Depuis le 24 février, plus de 3,2 millions d'Ukrainiens ont pris les routes de l'exil, dont près des deux tiers vers la Pologne, parfois seulement une étape avant de continuer leur exode.
D'après un décompte au 18 mars du Haut Commissariat des Nations unies aux droits de l'homme en Ukraine, au moins 816 civils ont été tués en Ukraine et plus de 1.333 blessés. Il a souligné que ce bilan était probablement très inférieur à la réalité.
Les besoins humanitaires se font "de plus en plus urgents", avec plus de 200.000 personnes privées d'eau dans la région de Donetsk et de "graves pénuries" de nourriture, d'eau et de médicaments, a déclaré vendredi Matthew Saltmarsh, porte-parole au Haut Commissariat aux réfugiés.

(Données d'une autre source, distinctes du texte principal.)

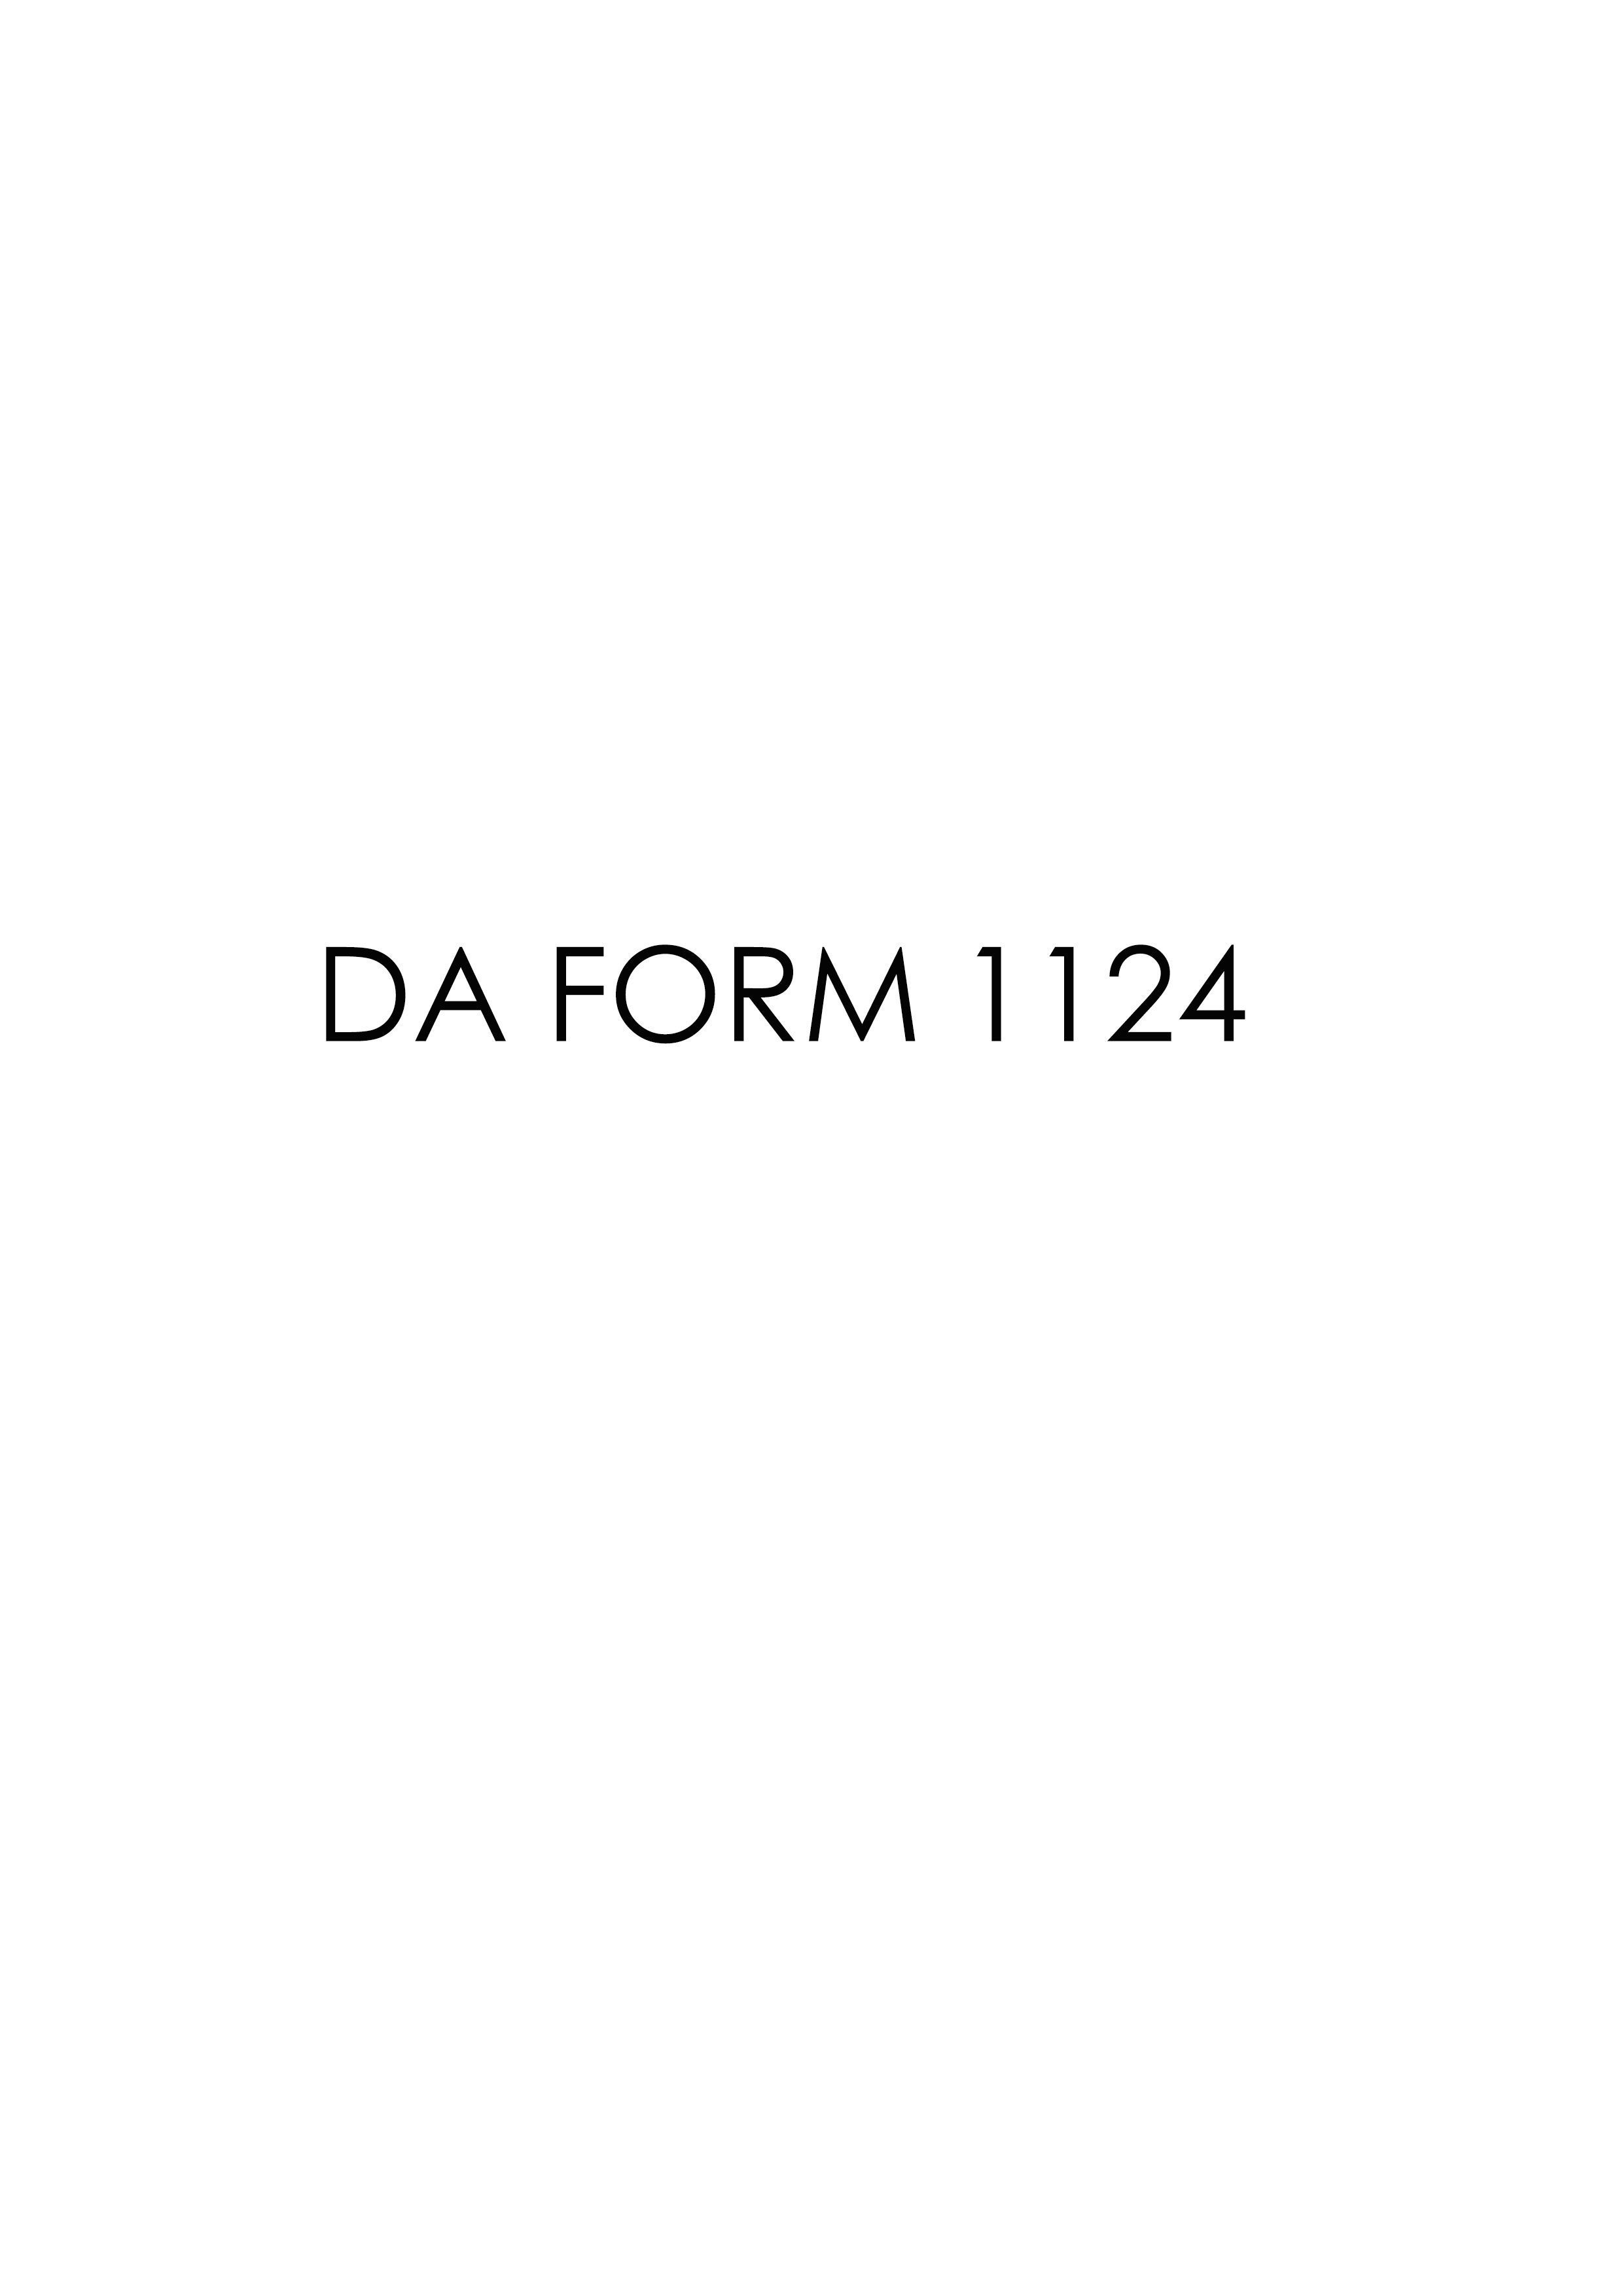 Download da 1124 Form Free

Kiev, la capitale, s'est vidée d'au moins la moitié de ses 3,5 millions habitants. Selon la mairie, 222 personnes --dont 60 civils-- y ont été tués.
Aucun bilan global n'a été fourni à ce stade. M. Zelensky a mentionné le 12 mars la mort d'"environ 1.300" militaires ukrainiens, tandis que Moscou a seulement rapporté près de 500 morts dans ses rangs le 2 mars.
L'Ukraine a indiqué avoir "562 prisonniers de guerre russes", et les détenir conformément au droit international, "comme un pays civilisé".